* _Try it_: Return the listing exactly, please; no pictures.

* _Data block_:
══════
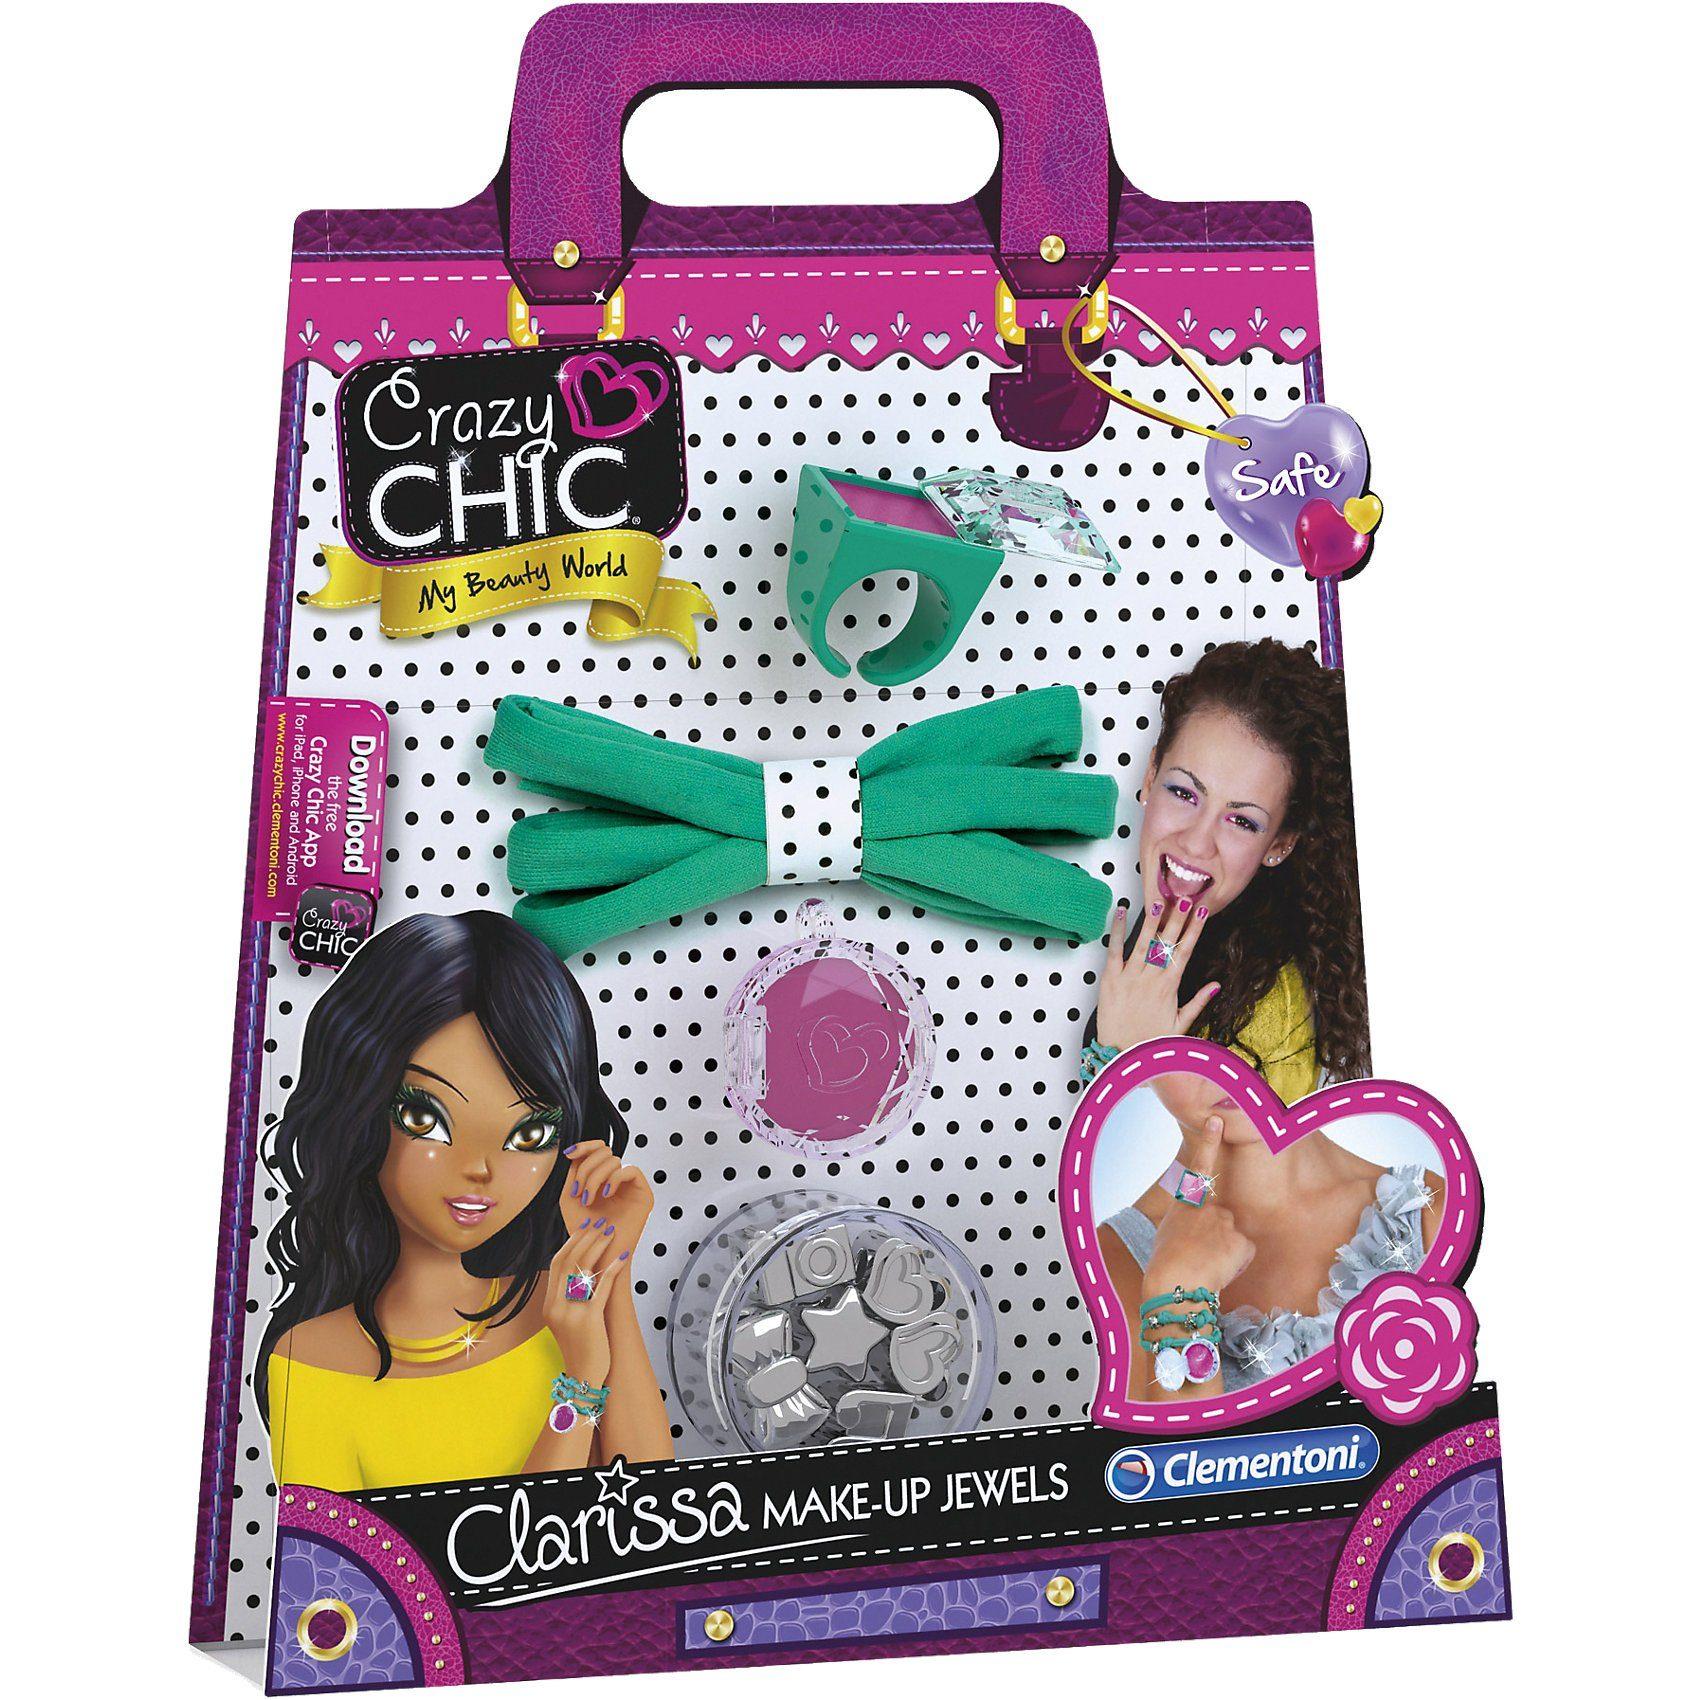 Clementoni Crazy Chic - Clarissas Make-Up Jewels
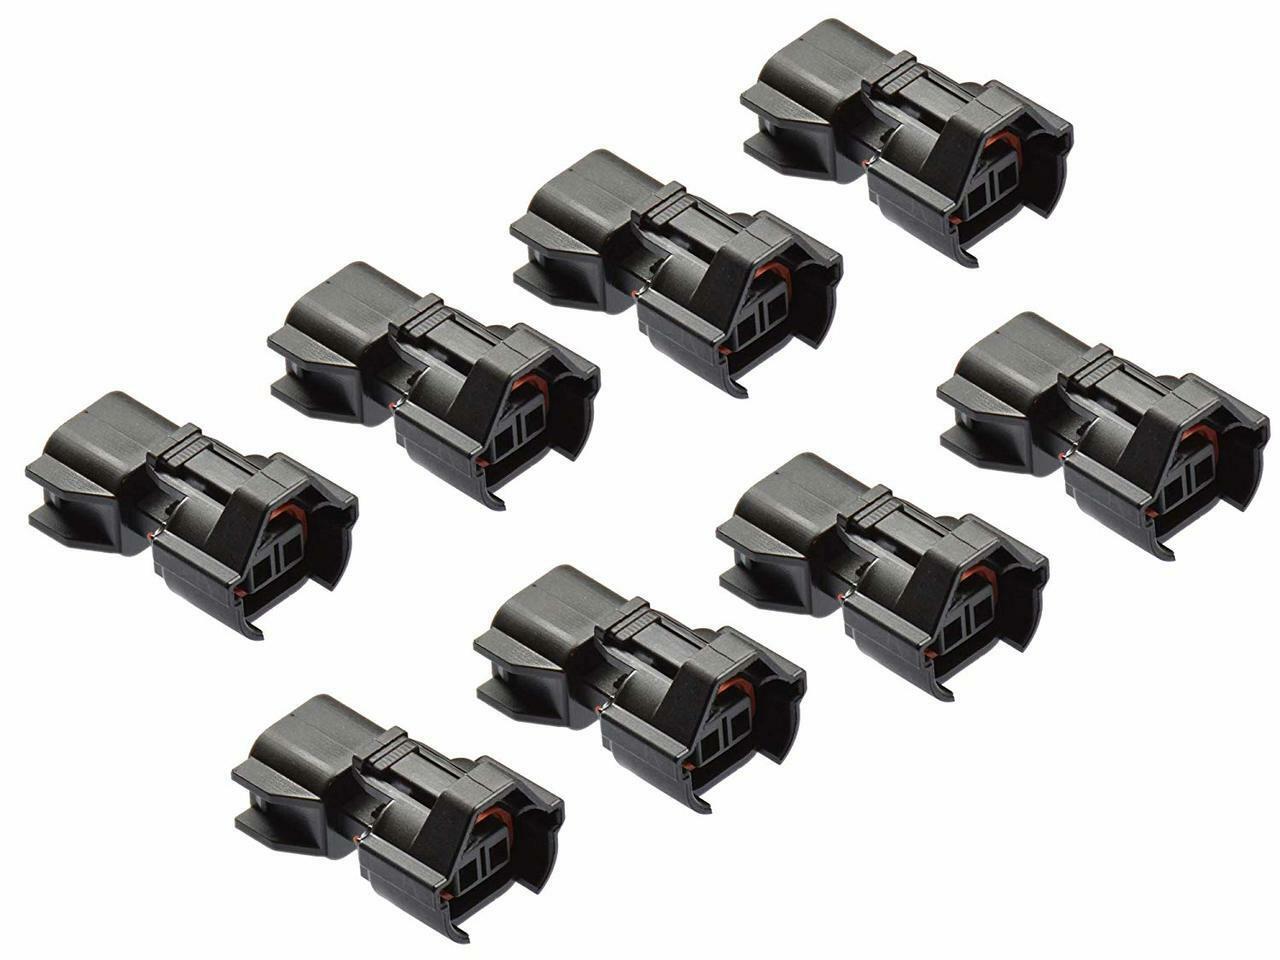 Qty 8 EV1 Jetronic Minitimer Female to EV6 USCAR Male Fuel Injector Adapter
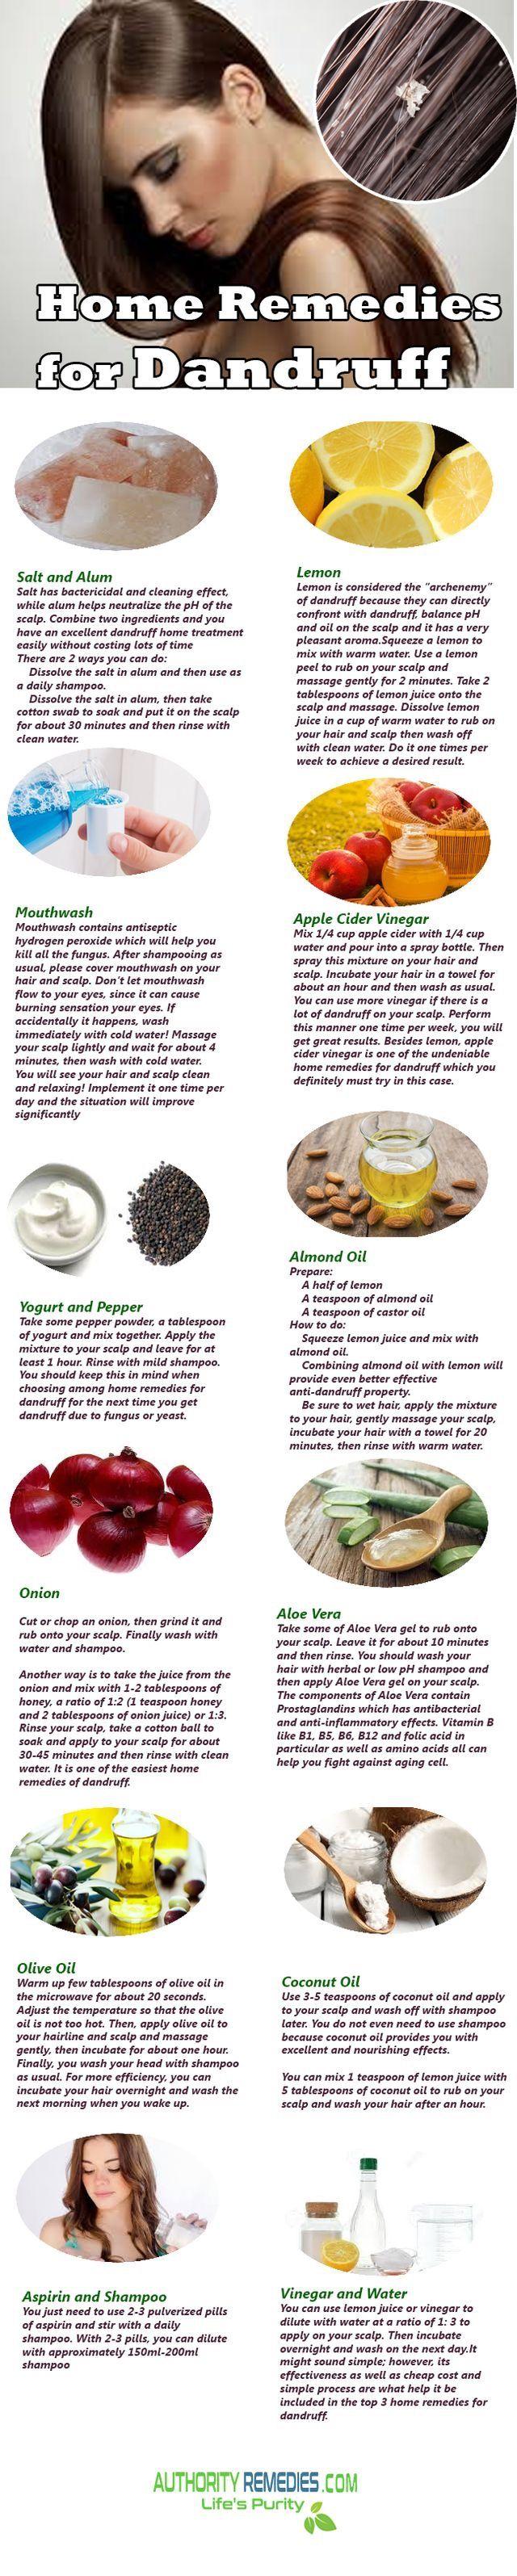 Home Remedies for Dandruff.
══════
* _Answer to this exercise_:
 Clementoni Crazy Chic - Clarissas Make-Up Jewels
 Qty 8 EV1 Jetronic Minitimer Female to EV6 USCAR Male Fuel Injector Adapter
 Home Remedies for Dandruff.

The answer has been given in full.